◆ **Aim of the task**: An exact copy is required of every line from the one with "Transportation services Kanth to NIT Delhi" through the end of the data below, and the pictures must stay out of it.

Provided material section start

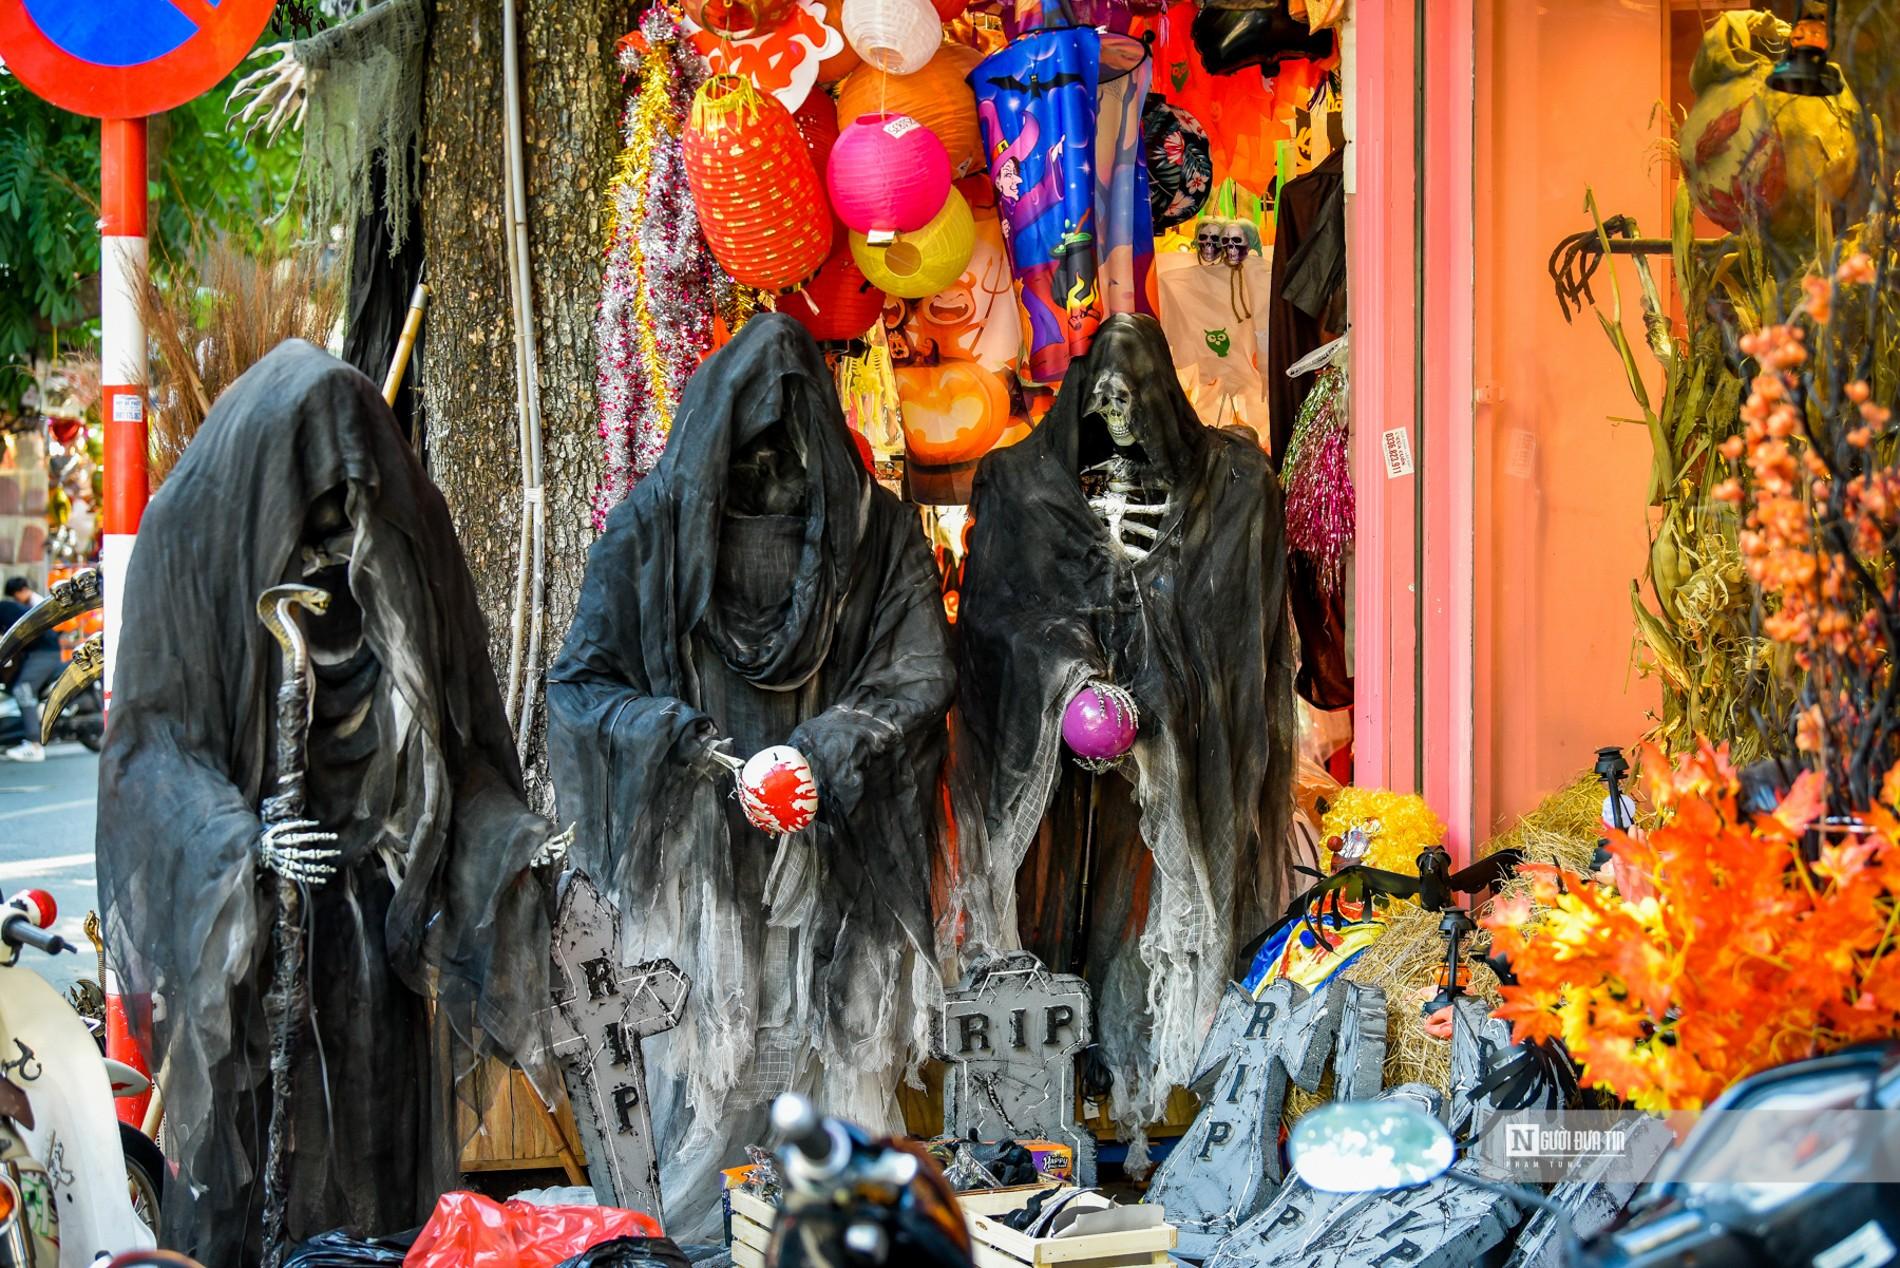 Tiêu dùng & Dư luận - Chủ nghĩa tiêu dùng nhìn từ lễ hội Halloween ngốn tiền giới trẻ
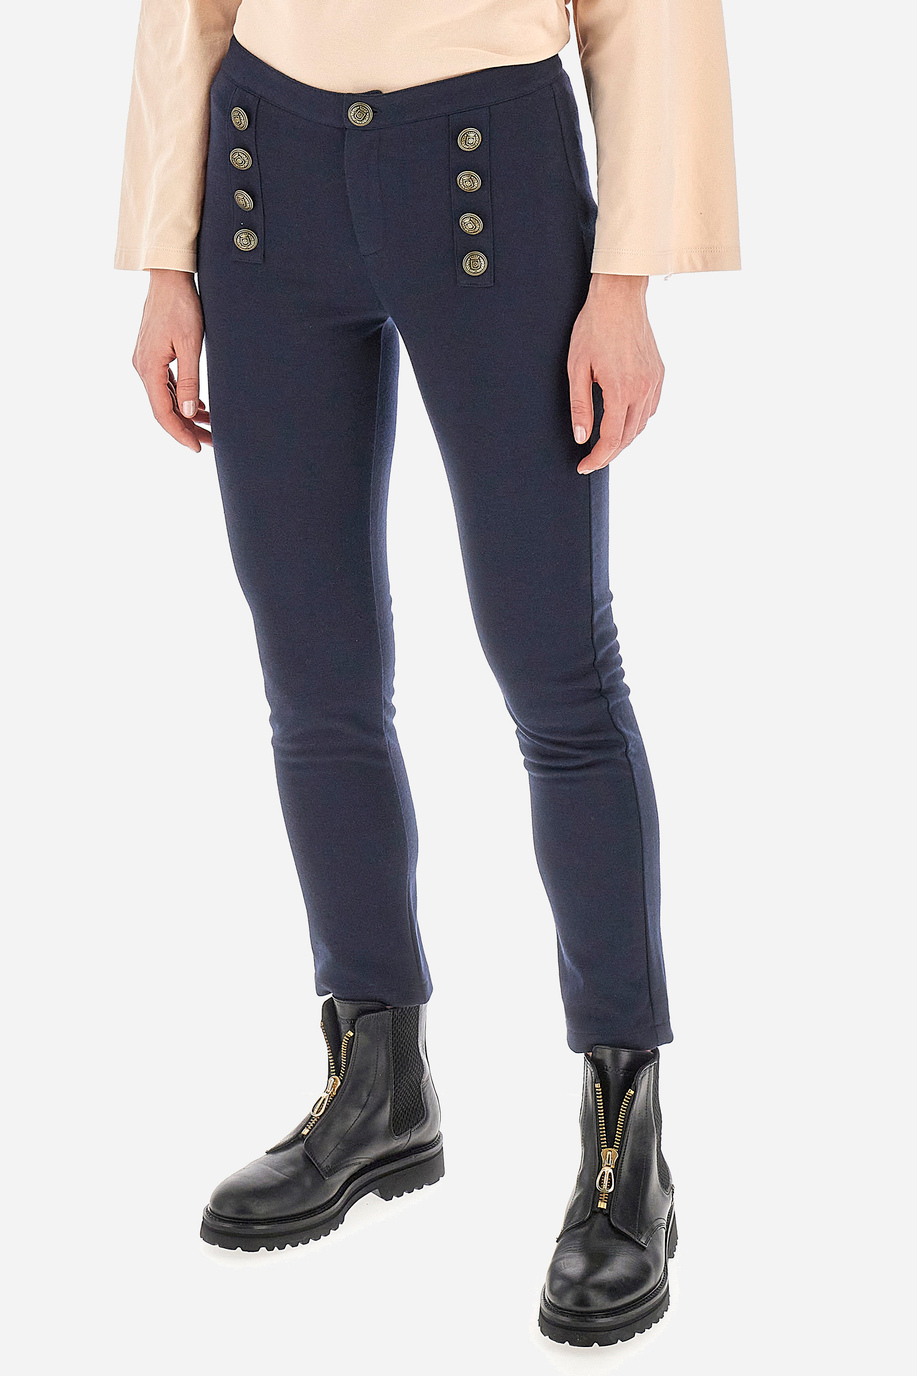 Pantalones mujer de corte recto - Winter - Nuestros favoritos para ella | La Martina - Official Online Shop
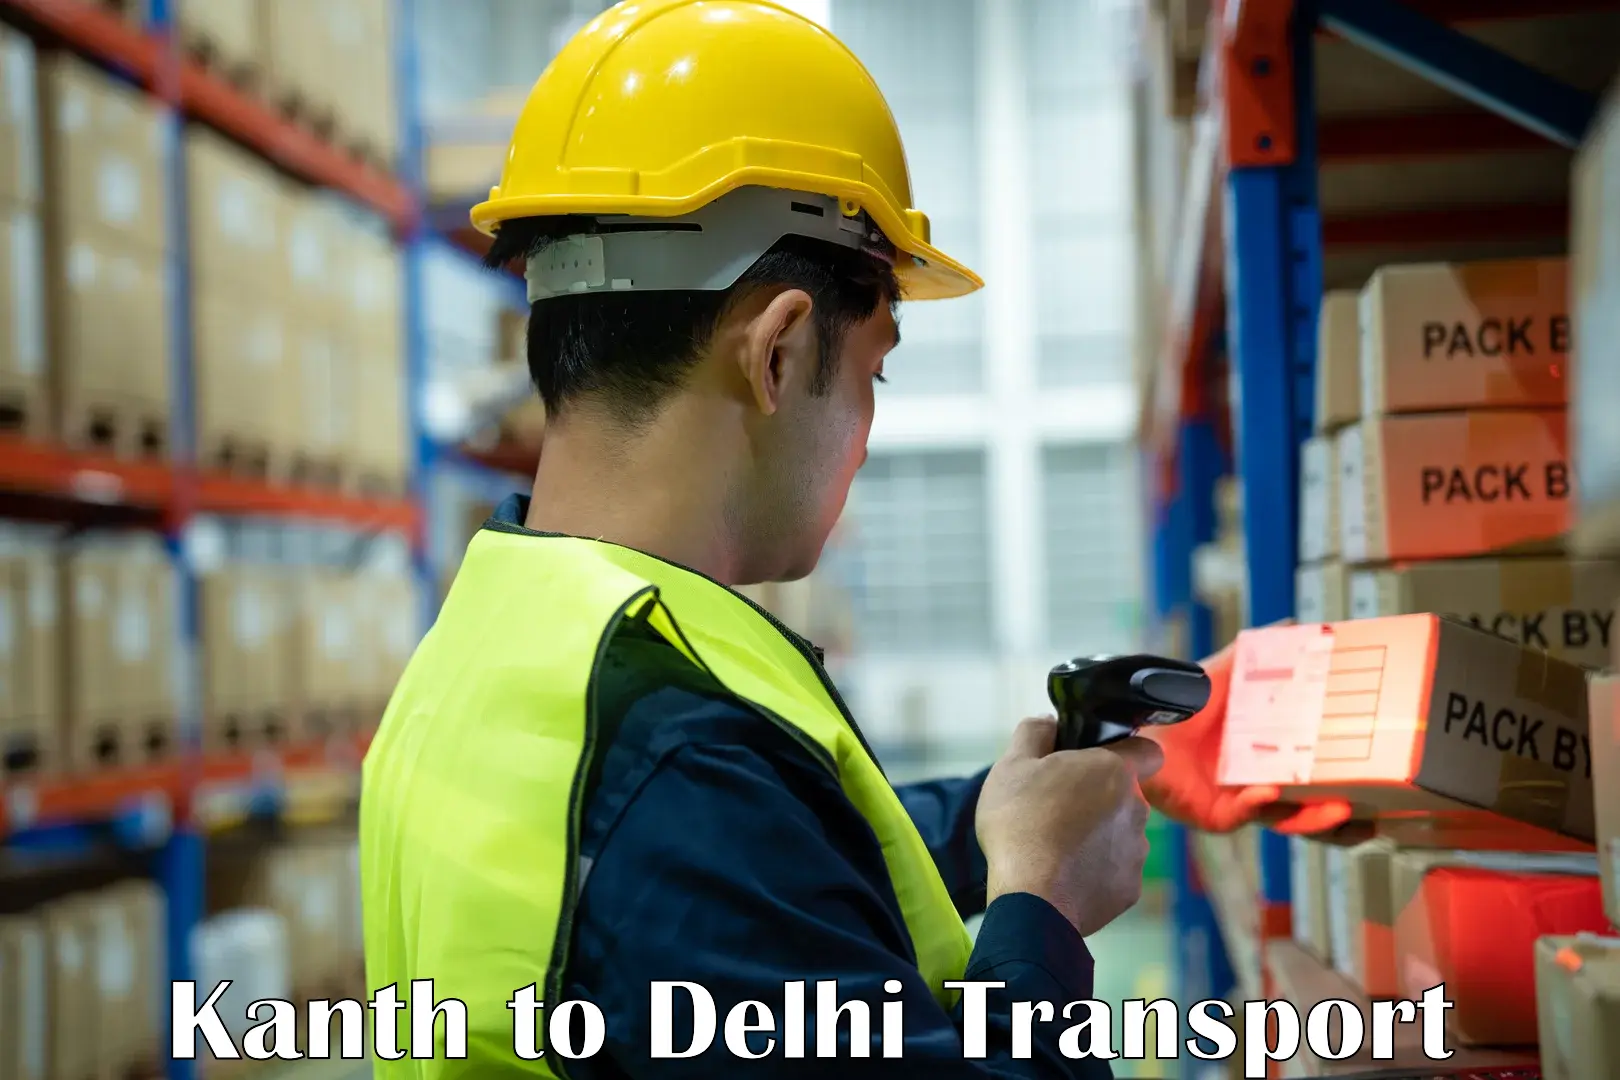 Transportation services Kanth to NIT Delhi
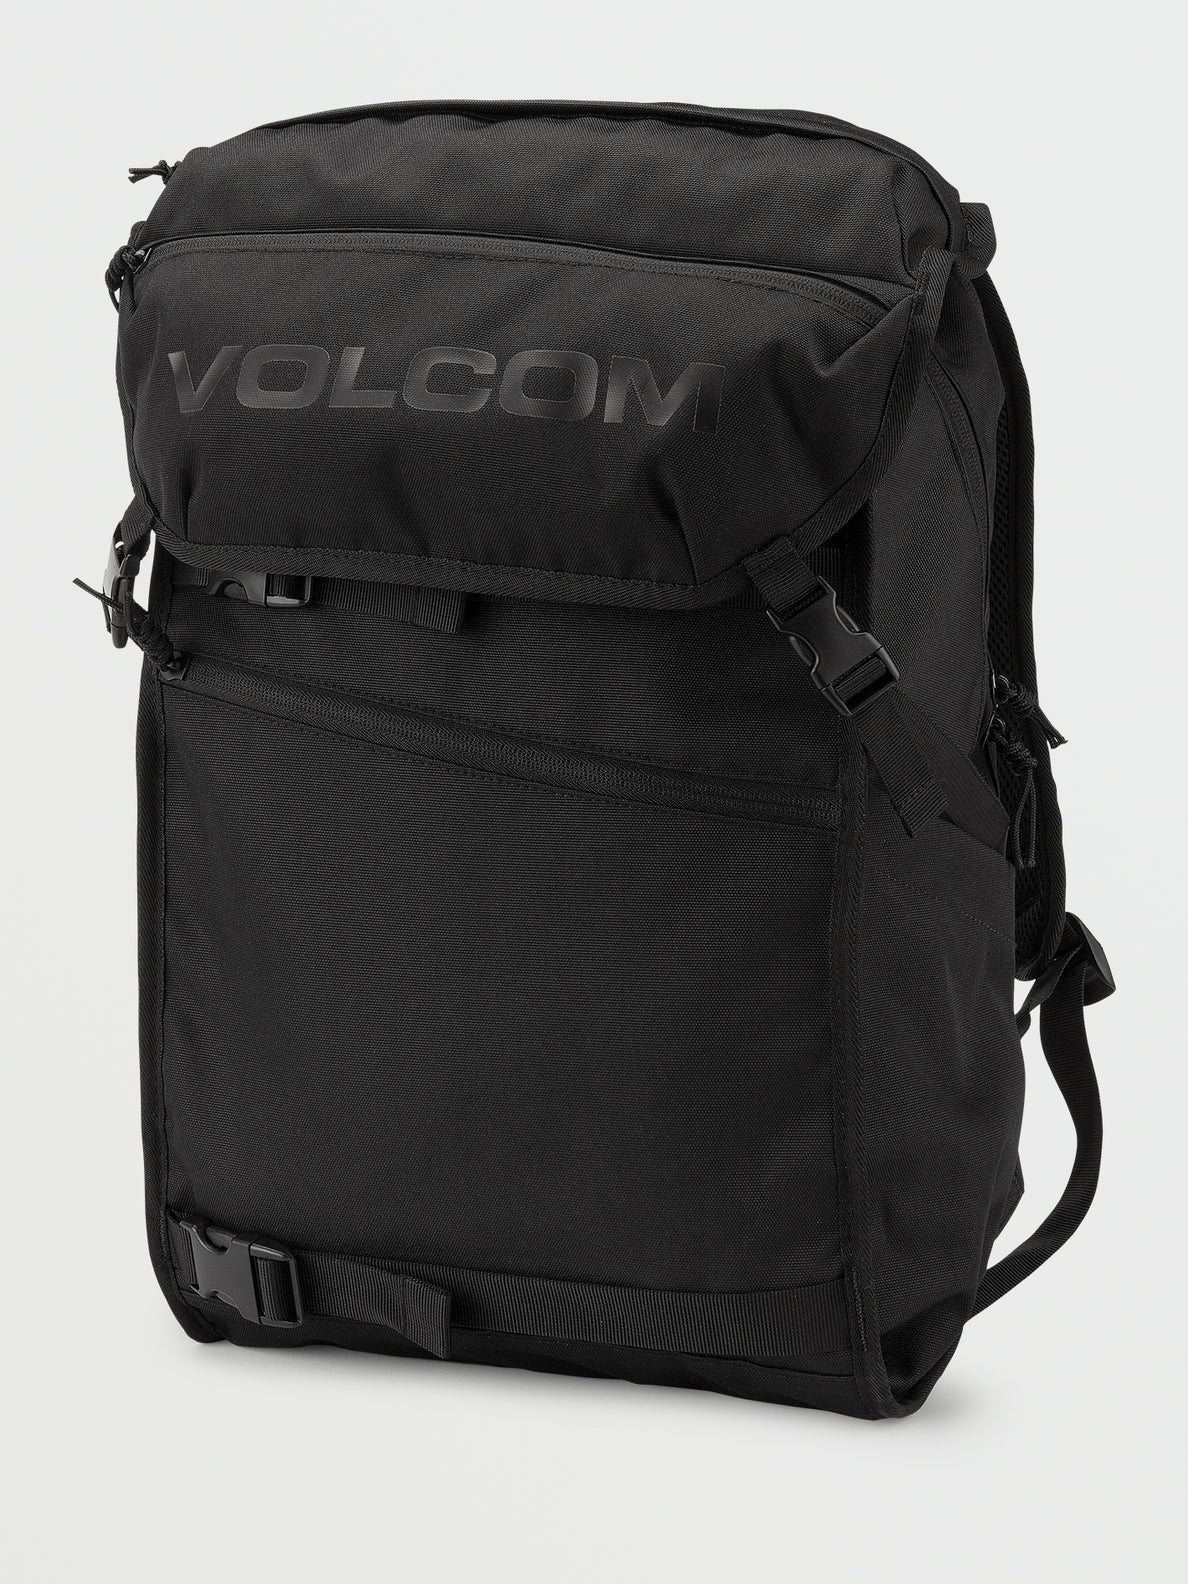 Volcom Substrate Backpack - Black on Black (D6522206_BKB) [F]

Provided material section end

◆ **Response below**:
 Transportation services Kanth to NIT Delhi
 Volcom Substrate Backpack - Black on Black (D6522206_BKB) [F]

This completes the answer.